§ YOUR INSTRUCTIONS
No pictures should appear in the copy. Reproduce exactly the lines from the one containing "Náš domeček pod sněhem ❄️❄️❄️ - Obrázek č. 1" through the end of the material below.

§ DATA BELOW
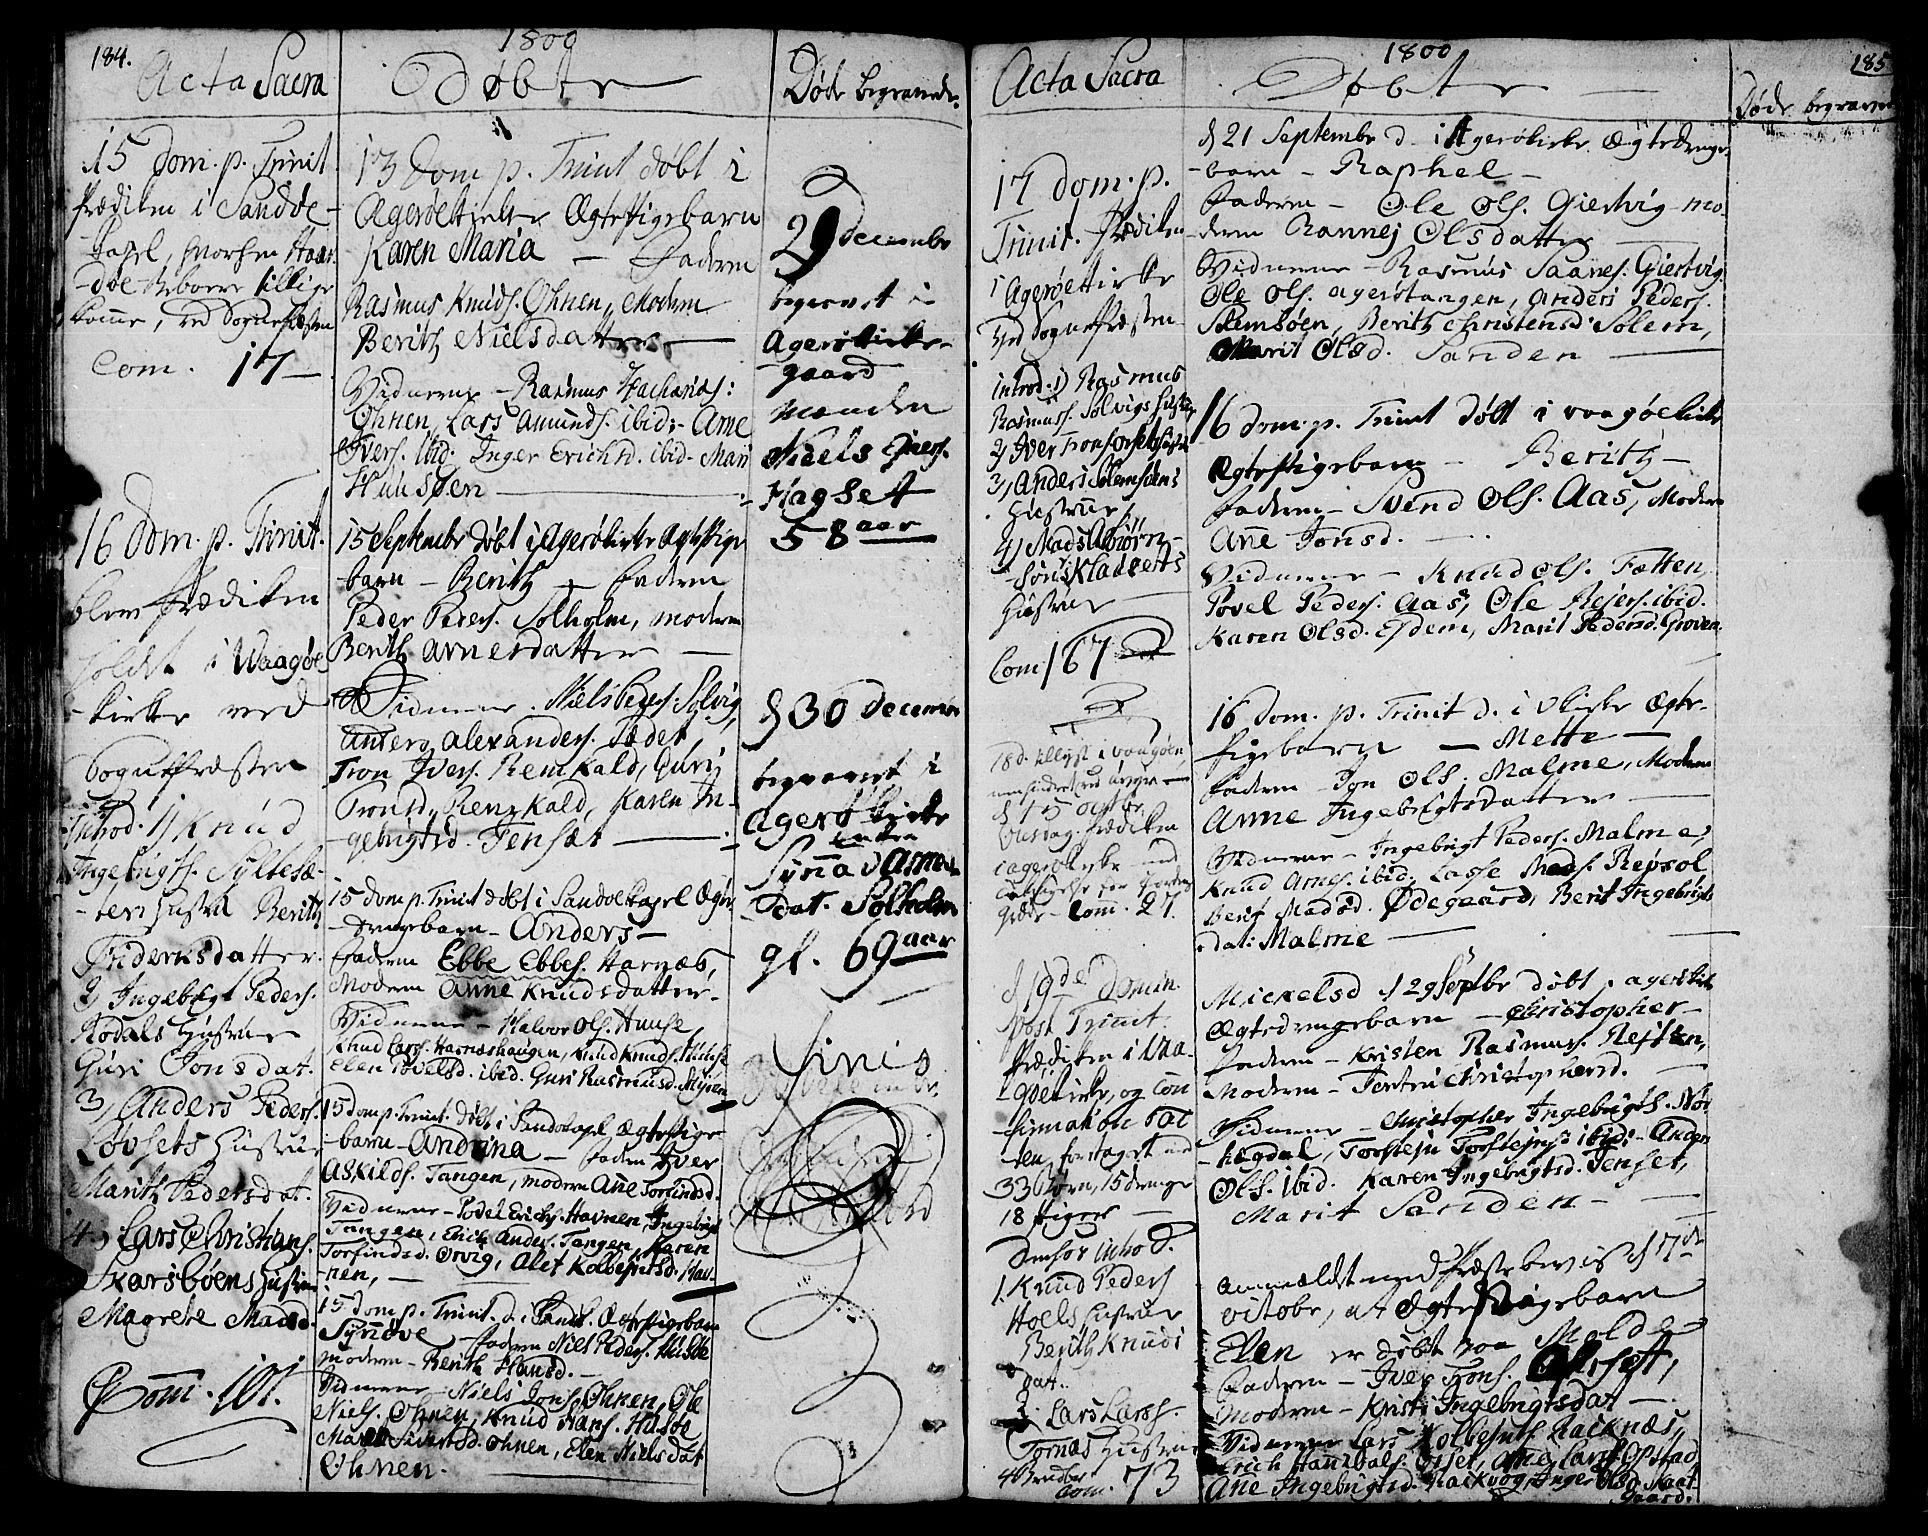 SAT, Ministerialprotokoller, klokkerbøker og fødselsregistre - Møre og Romsdal, 560/L0717: Ministerialbok nr. 560A01, 1785-1808, s. 184-185
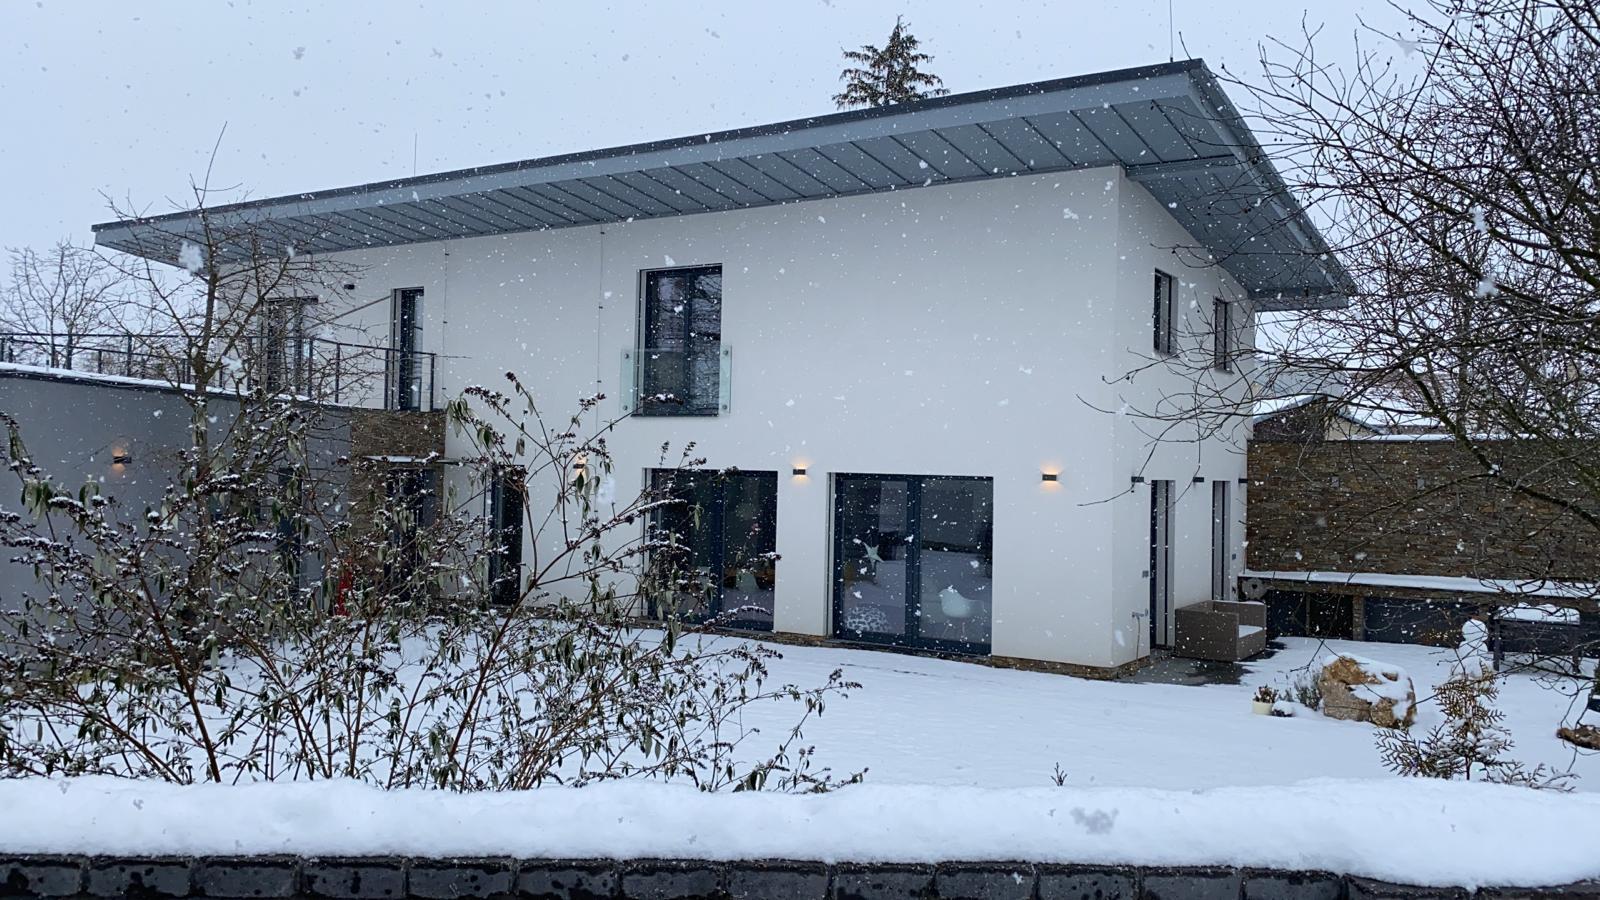 Náš domeček pod sněhem ❄️❄️❄️ - Obrázek č. 1
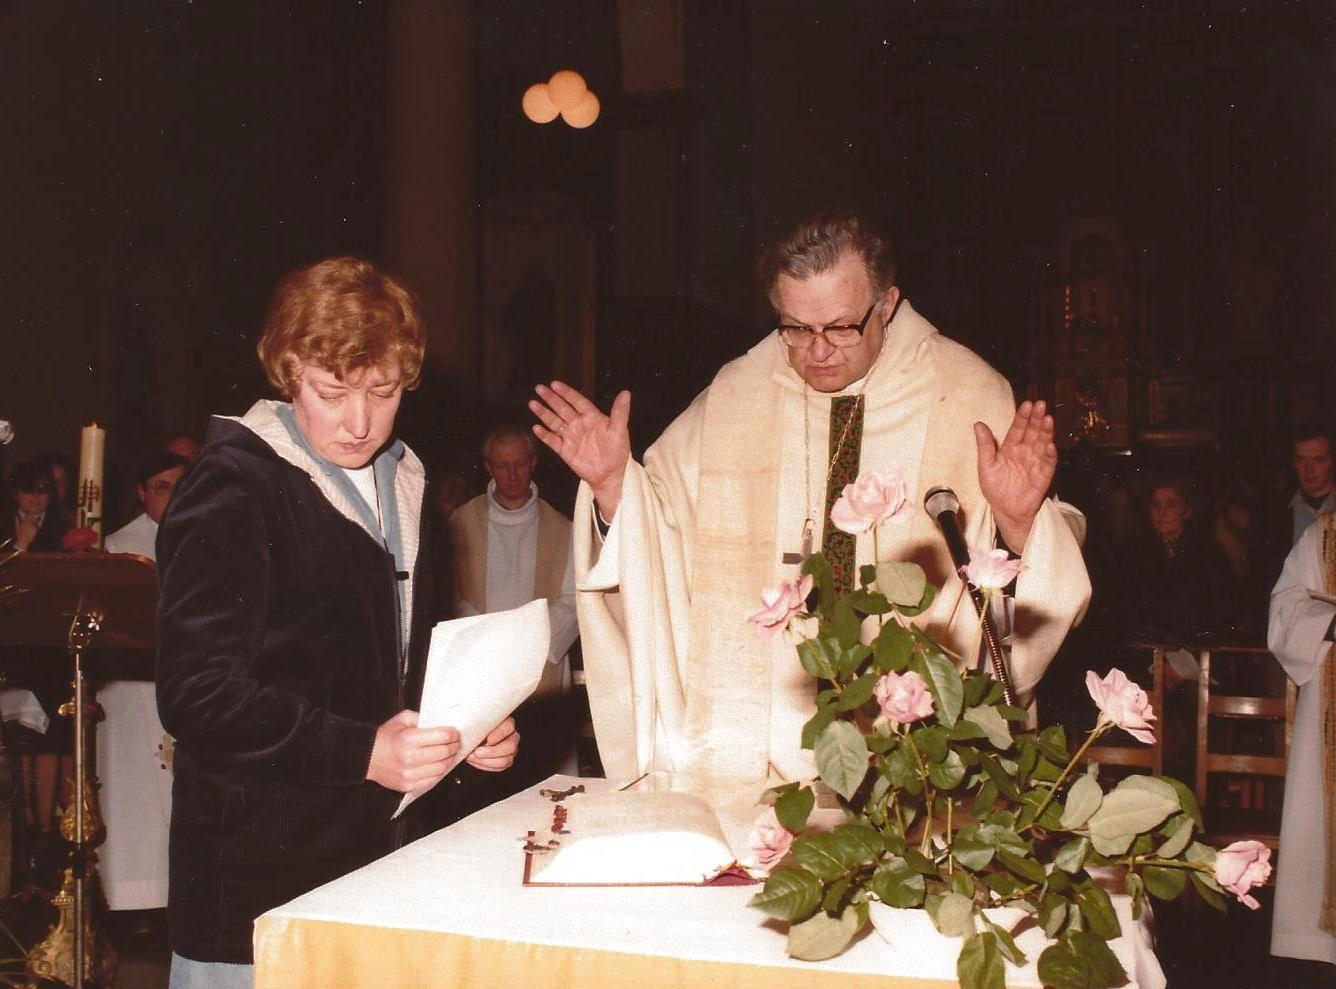 Soeur Renée - L'office est célébré par l'Evêque Monseigneur Mathen
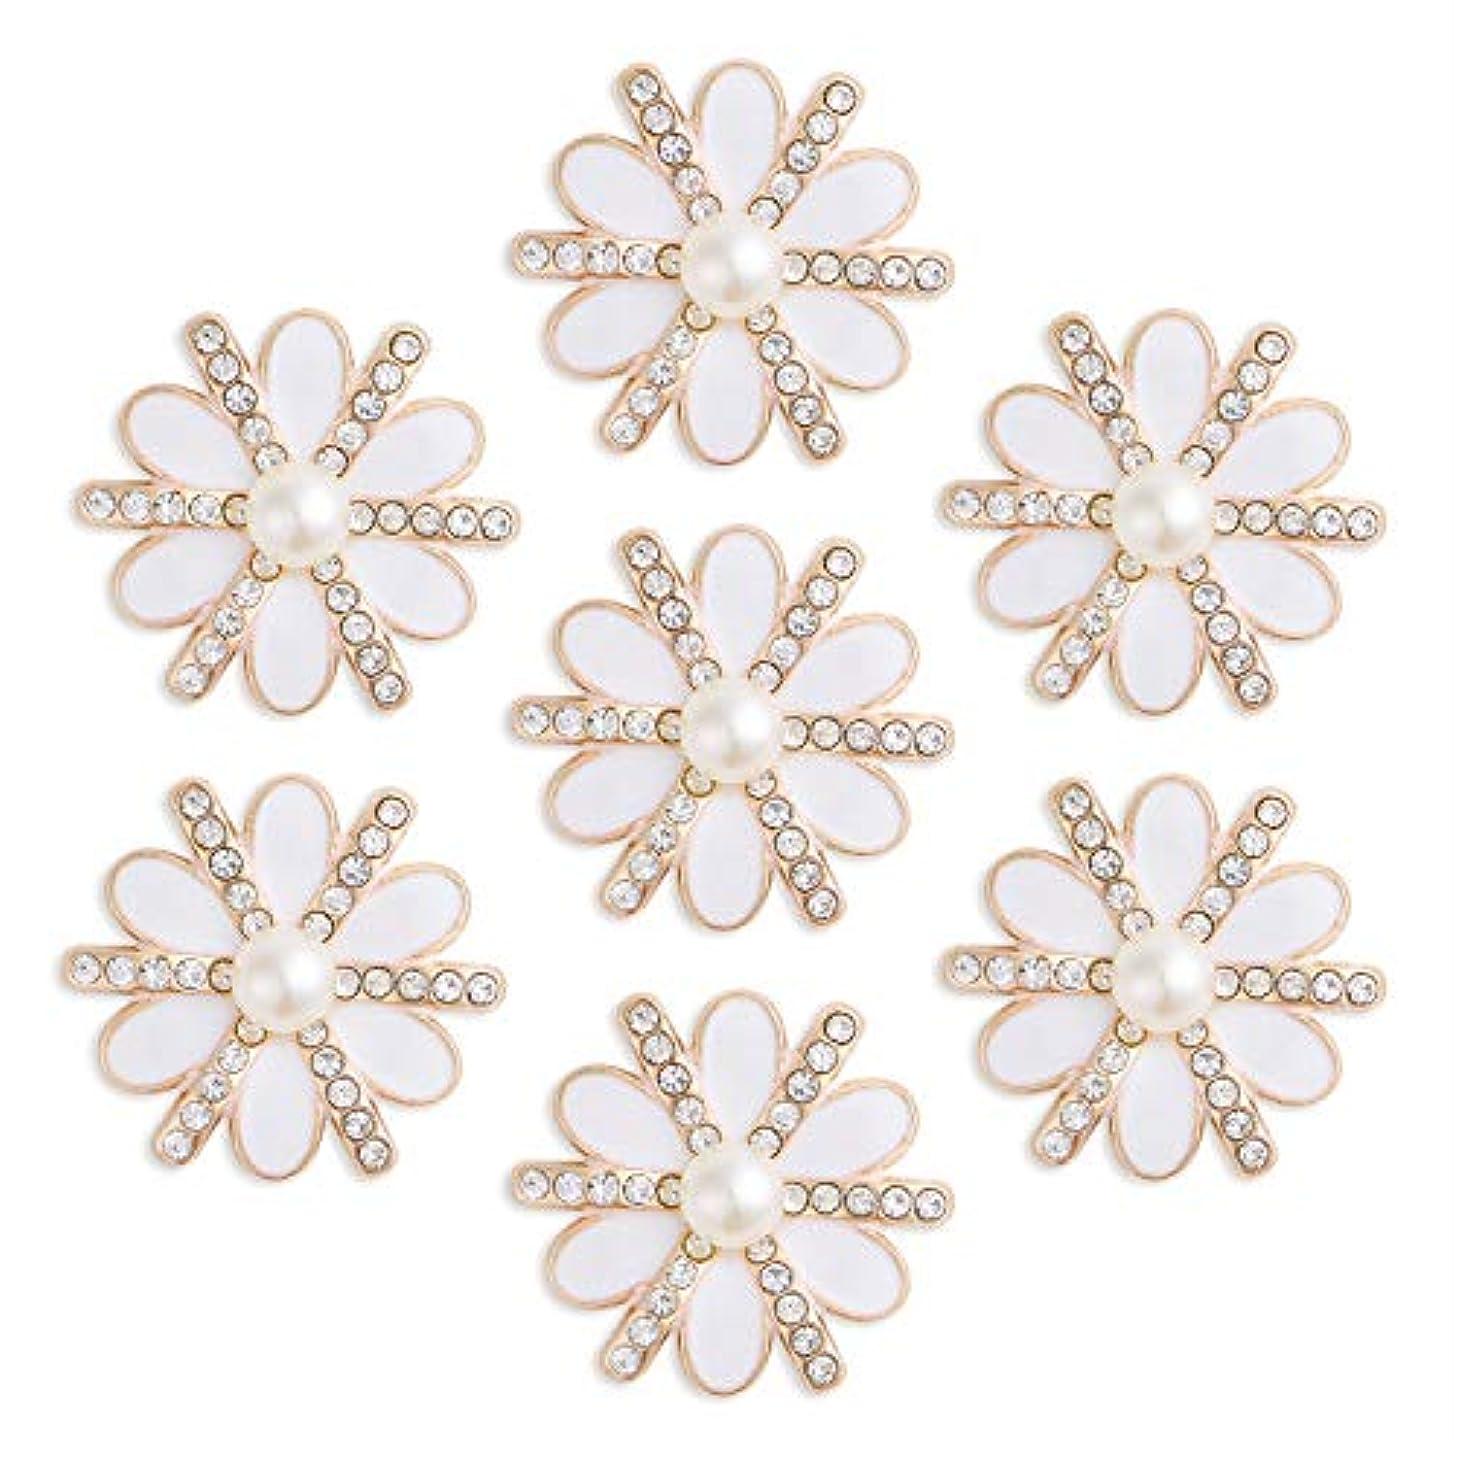 DIY-SHINNY 20 Pieces 20 mm Flatback Pearl Rhinestone DIY Embellishments for Wedding Decoration, Flower Center, Gift Card Decor (Gold)

§ EXERCISE ANSWER
 Náš domeček pod sněhem ❄️❄️❄️ - Obrázek č. 1
 Soeur Renée - L'office est célébré par l'Evêque Monseigneur Mathen
 DIY-SHINNY 20 Pieces 20 mm Flatback Pearl Rhinestone DIY Embellishments for Wedding Decoration, Flower Center, Gift Card Decor (Gold)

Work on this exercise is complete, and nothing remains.